■ **ASSIGNMENT**
Any picture in the listing is left out of the copy; all else is duplicated exactly.

■ **GIVEN INFORMATION**
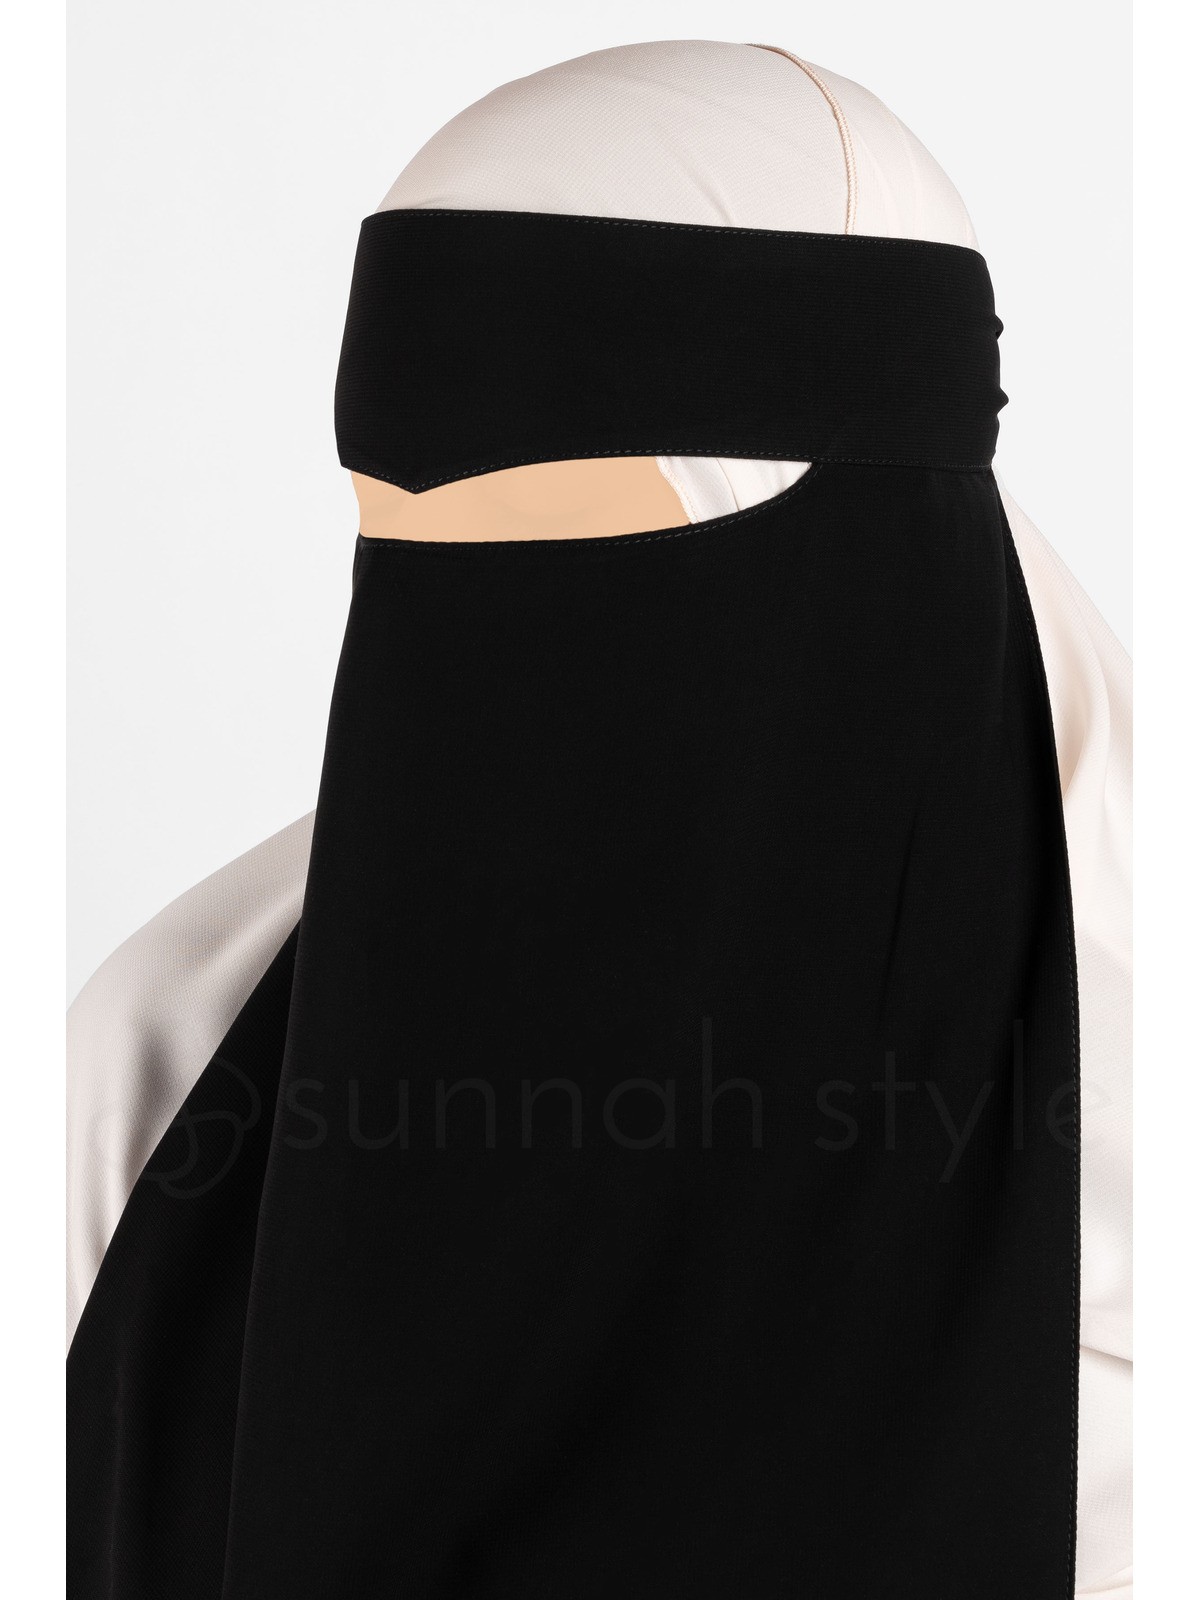 Sunnah Style - Long One Layer Widow's Peak Niqab (Black)
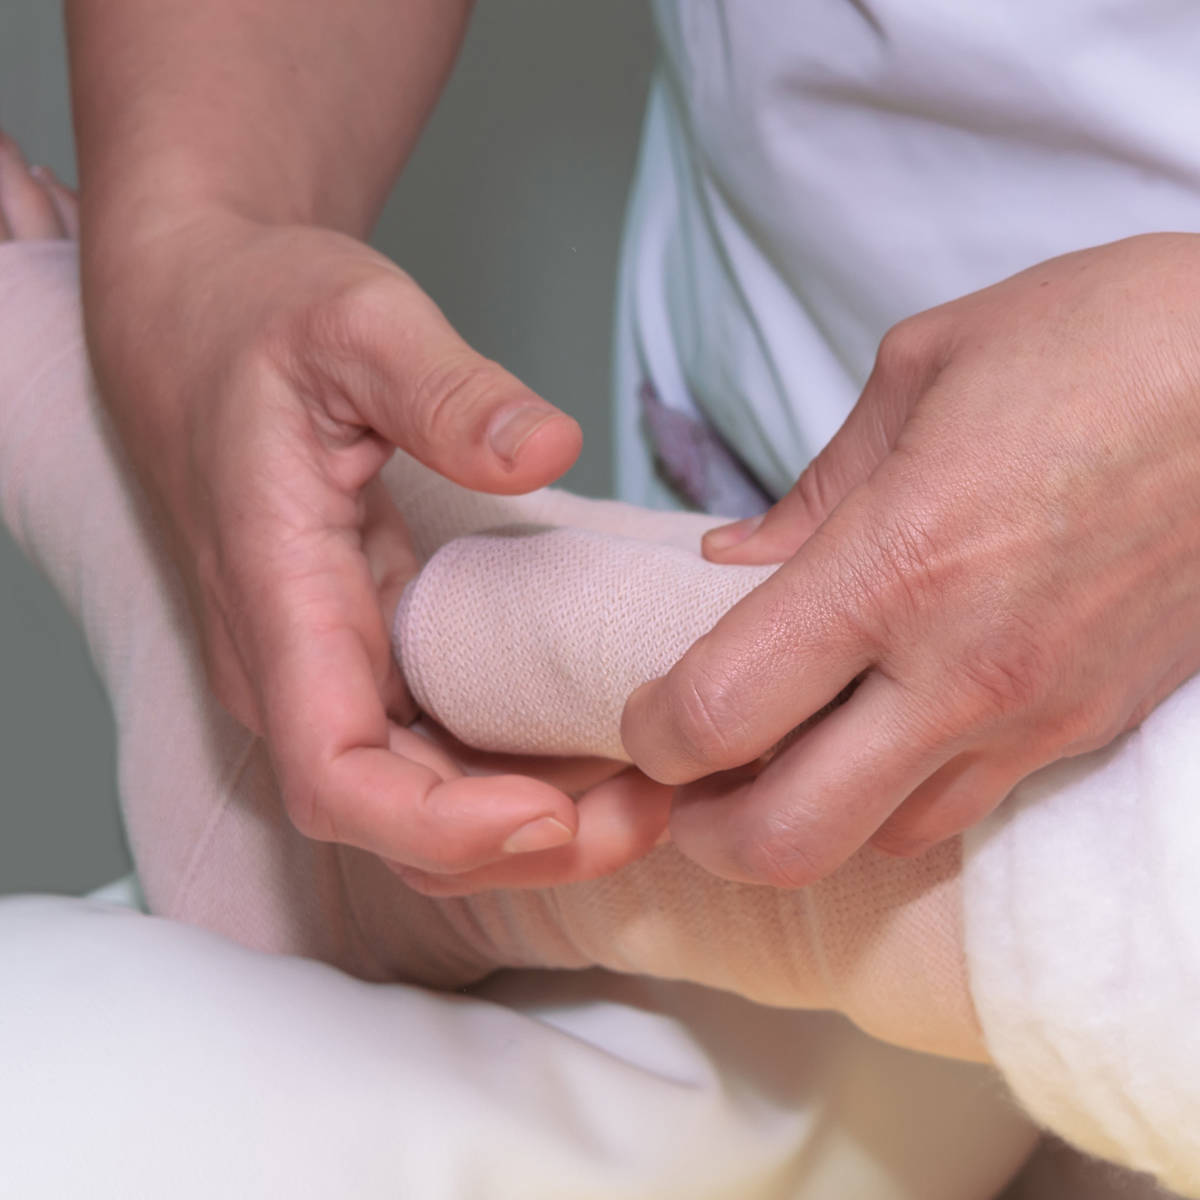 Hands putting compression bandage on ankle
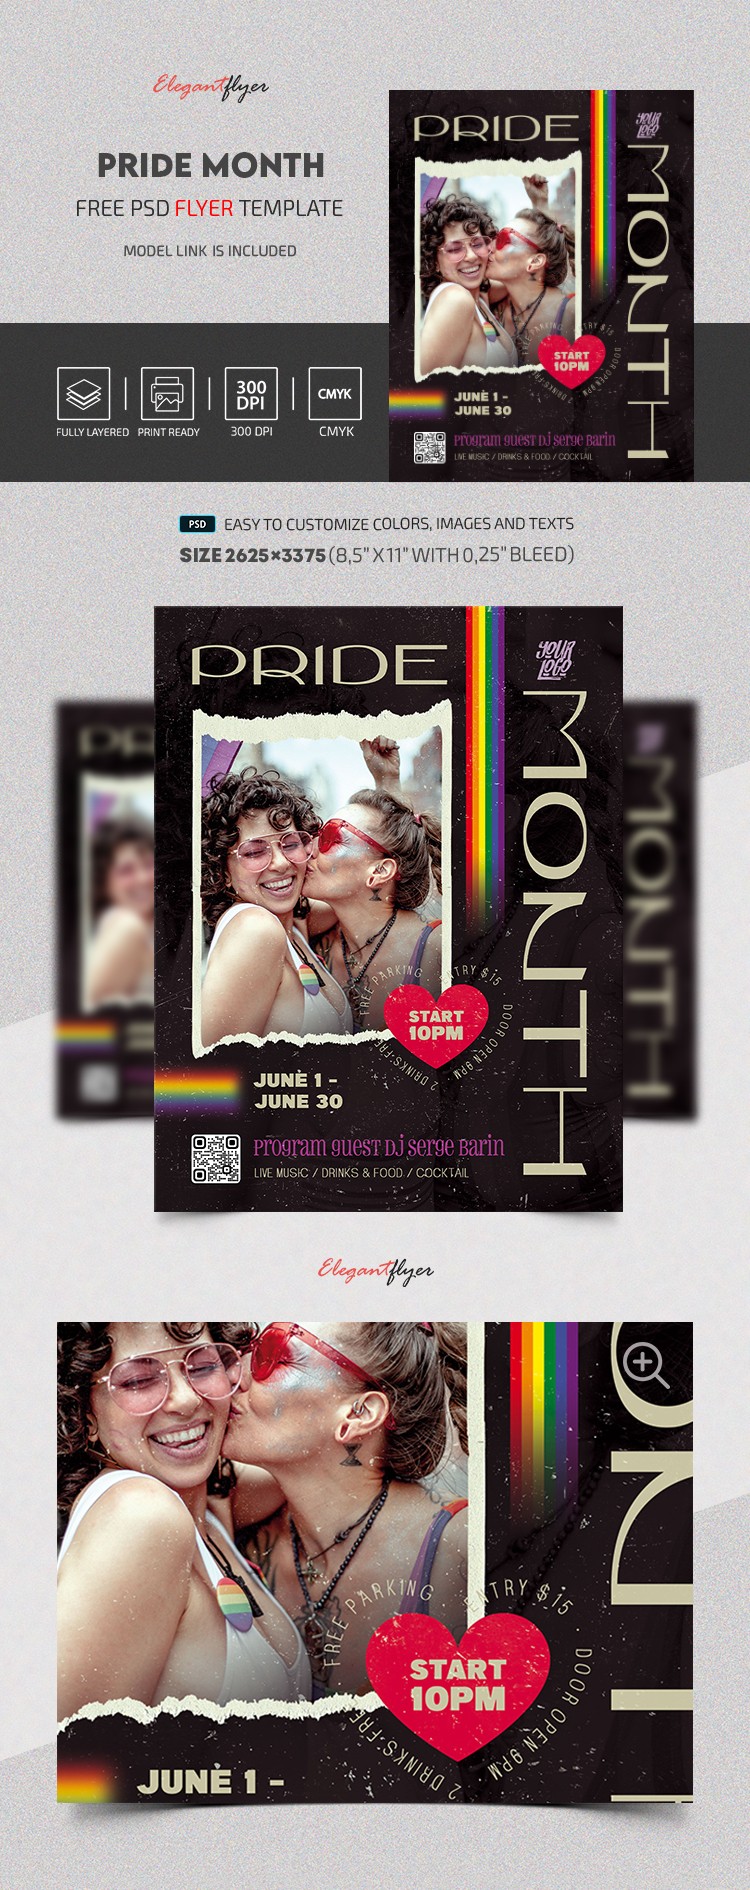 Pride Month - Free Flyer PSD Template by ElegantFlyer

■ **THE COMPLETED TASK**
 Sunnah Style - Long One Layer Widow's Peak Niqab (Black)
 Hands putting compression bandage on ankle
 Pride Month - Free Flyer PSD Template by ElegantFlyer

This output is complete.